Andrew semakin bingung. Dia memang dia tidak pernah menandatangani surat cerai dengan Celline selama ini meski dia menyadari jika tujuh tahun bukan waktu yang sebentar untuk dia pergi.
Dan sekarang, pertanyaan lain muncul di benaknya mengenai sosok lelaki yang baru saja masuk bersama Celline.
“Tom! Singkirkan saja sampah itu, cepatlah kemari Tom, calon menantu kita sudah menyiapkan empat puluh milyarnya!” teriak Mathia dari dalam rumah terdengar sangat jelas di antara hujan yang masih mengguyur.
“Baik sayang, tunggu sebentar,” ucap Tom kepada Mathia.
Kini dua pasang mata lelaki yang berada di halaman rumah Abellard ini saling bersitegang.

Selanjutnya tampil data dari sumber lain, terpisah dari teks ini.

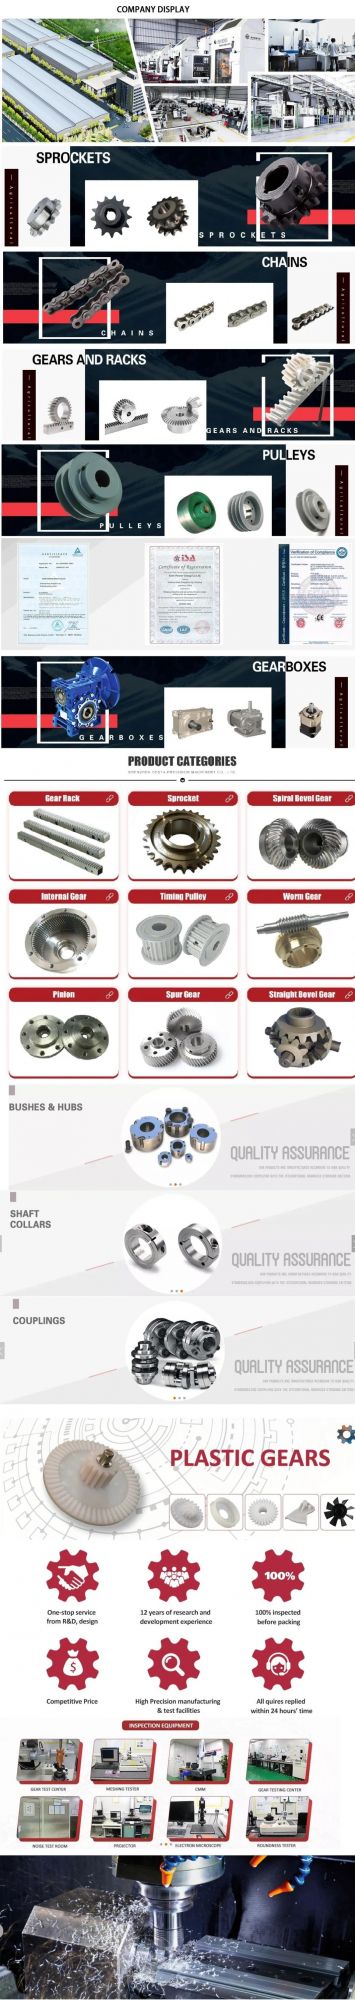 Bearing Needle Puller Extractor Slewing Skateboard Bearings Thrust Balls Thrust Clutch Ceramic Rod End Roller Manufacturing Flange Spherical Coupling
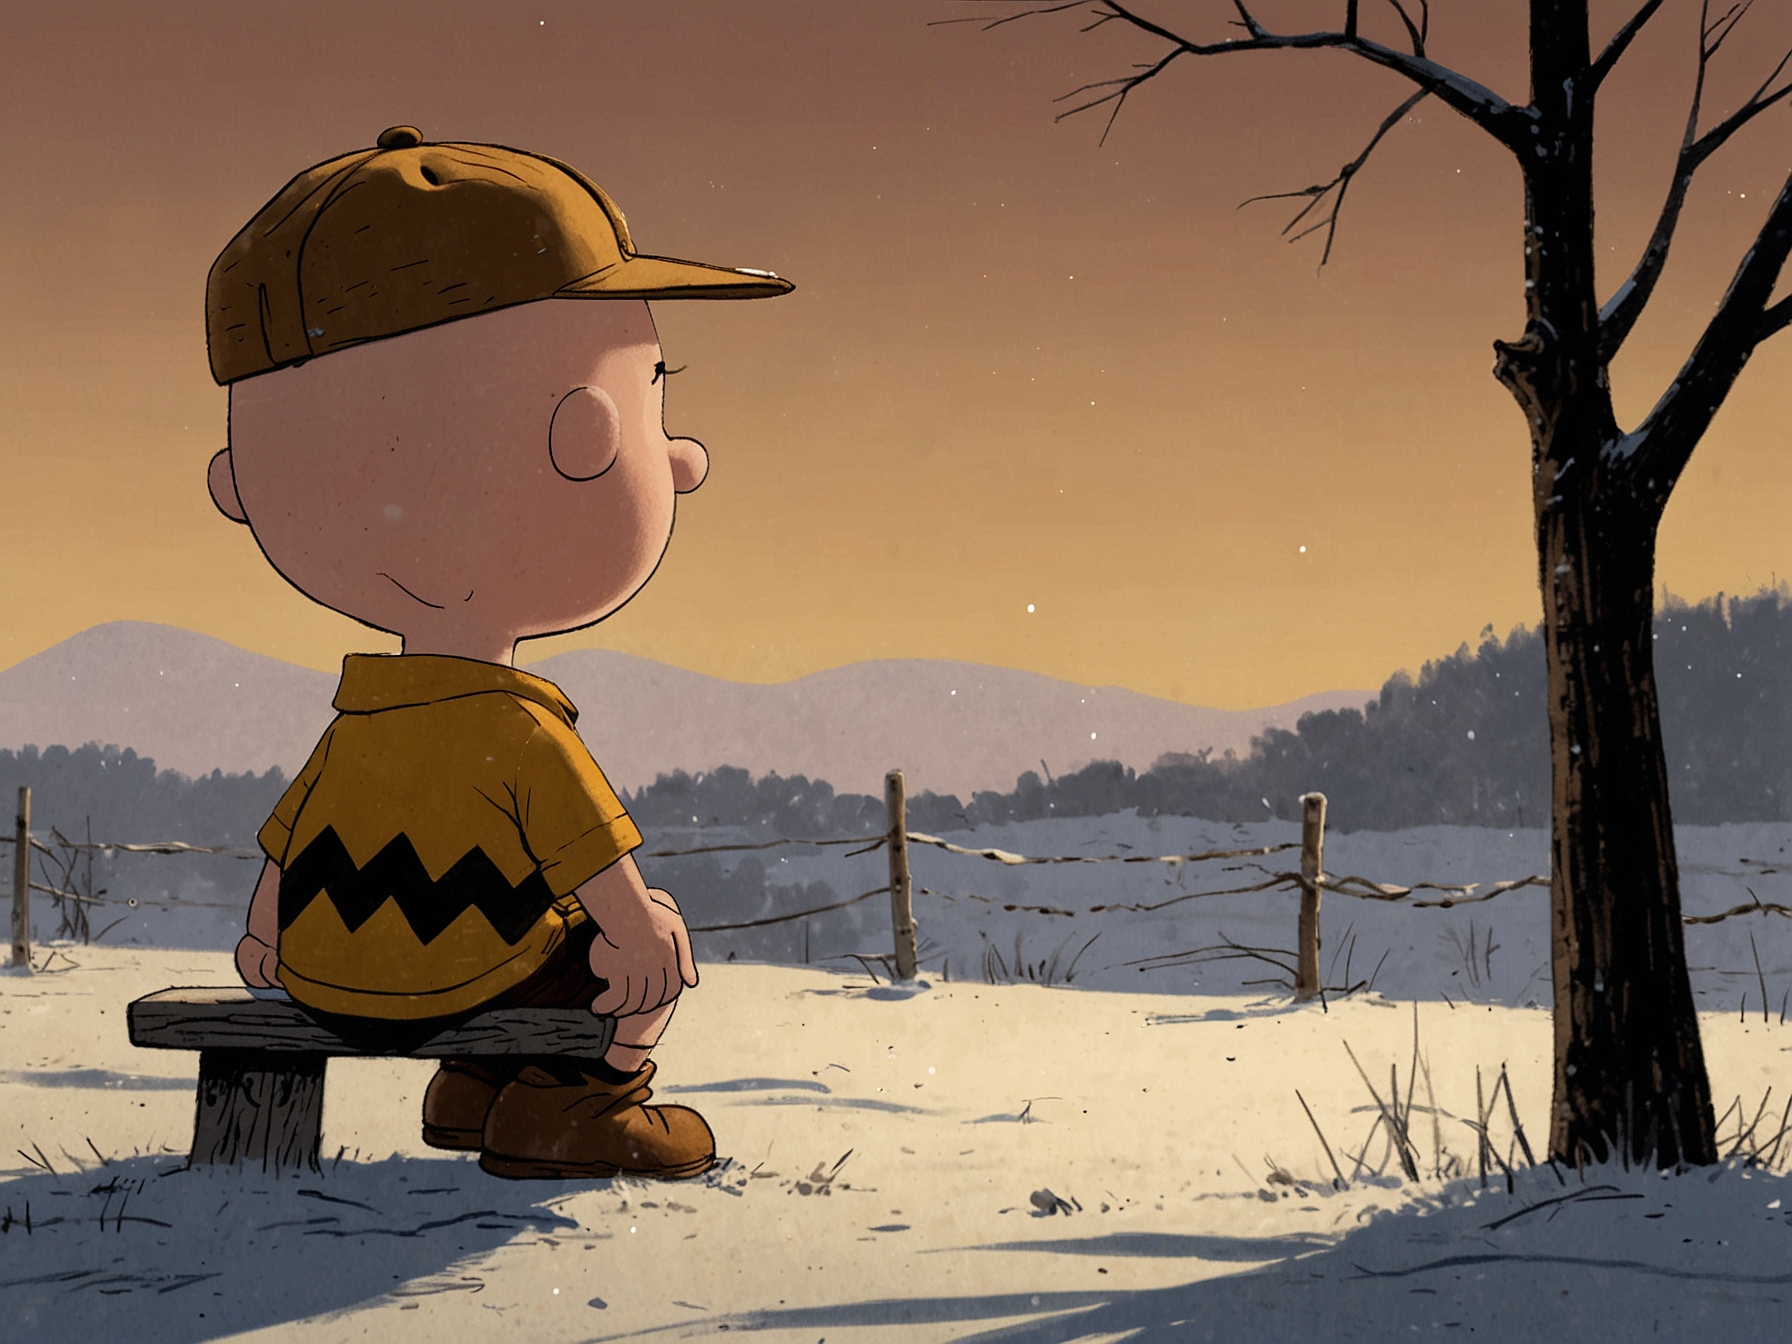 A screenshot of Charlie Brown looking thoughtful, perhaps pondering his New Year's resolution. The image highlights the character's storyline of finding confidence in the special.

“Enyahlah dari kehidupan kami, lelaki sampah! Kau memang sudah sepatutnya berada di jalanan sebagaimana asalmu sebelumnya. Memakan sampah dan dihina semua orang. Dua hari lagi Celline akan segera menikah dan melupakanmu. Akhirnya dia menyadari jika kau tak lebih dari kutu busuk yang menggerogoti hidupnya. Lihat dirimu, kau semakin berantakan dengan luka-luka di tubuhmu ini … Kau lebih tepat menjadi anjing di jalanan yang berburu bangkai dan kotoran. Sangat jauh berbeda dengan Dylan. Dia adalah sosok yang sangat tepat untuk putriku, dia lelaki terhormat yang mapan dan juga sangat kaya yang sanggup membahagiakan kami semua. Kau dengar tadi, empat puluh milyar saja hanya uang receh untuknya, ha … ha … ha … ini undangan yang sudah kami sebar!“ ucap pria itu sambil terkekeh dengan sangat bangga. Pria itu melenggang melalui Andrew sambil mengibaskan sedikit payungnya hingga membaret kening Andrew dan melukainya.
Tapi Andrew tak bergeming. Luka di keningnya tak seberapa dibandingkan dengan luka di hati akibat hinaan dari ayah mertuanya itu.
'Tidak mungkin,' batin Andrew sambil mengepalkan kedua tangannya. Dia membuka undangan di tangannya diantara derasnya hujan. Nama Celline dan juga Dylan tertera dengan sangat jelas di sana.
Sejurus kemudian, tatapan Andrew berujung pada empat sepeda anak berwarna-warni yang terparkir dengan ditutupi terpal pada sudut garasi.
'Empat sepeda anak kecil?’ batinnya.
Andrew kemudian mengangkat wajahnya memandang ke arah lantai atas rumah dimana seharusnya kamar Celline berada.
Tepat disaat yang bersamaan, tirai jendela menutup dengan sangat cepat, seseorang di sana menutupnya mendadak karena tak ingin ketahuan oleh Andrew.
‘Celline,’ batin Andrew sambil terus memandangi ke arah atas di mana siluet tubuh sang istri terlihat jelas di balik tirai yang menutup tadi.
“Apakah seratus miliar cukup untuk membuatmu menghentikan pernikahan Celline?” ucap Andrew sambil meremas undangan di tangannya. Tapi Tom tak menggubrisnya, pria itu terus melangkah meninggalkannya.
“Apakah seratus miliar cukup?” ucap Andrew mengulangnya dengan suara yang semakin menggelegar.
Suara bariton Andrew terdengar sangat menyentak membuat langkah Tom terhenti seketika.
Tom mendecih.
“Menantu sampah! Jangan membuang waktuku dengan bualanmu! Kau kira aku bercanda? Darimana lelaki miskin sepertimu akan mendapatkan uang sebanyak itu, Hahh?” ucap Tom dengan rahang mengeras balik menyentak.
Hujan yang mulai reda membuat suara keduanya semakin jelas terdengar.
Dinginnya udara tak terasa lagi berkat atmosfer panas yang tercipta dari keruhnya emosi kedua lelaki tersebut.
“Aku akan membawakan seratus milyarnya padamu, tapi jika pernikahan itu tetap digelar … kau akan menanggung konsekuensinya Tom!” ucap Andrew sambil melenggang pergi meninggalkan pria tersebut yang kini berdiri mematung diliputi hawa dingin yang aneh yang membuatnya bergidik ngeri ketakutan.
Tom terus memandangi sang menantu yang entah kenapa aura tubuhnya terasa sangat berbeda sekali. Sesuatu di dalam diri Andrew terasa begitu menciutkan nyalinya.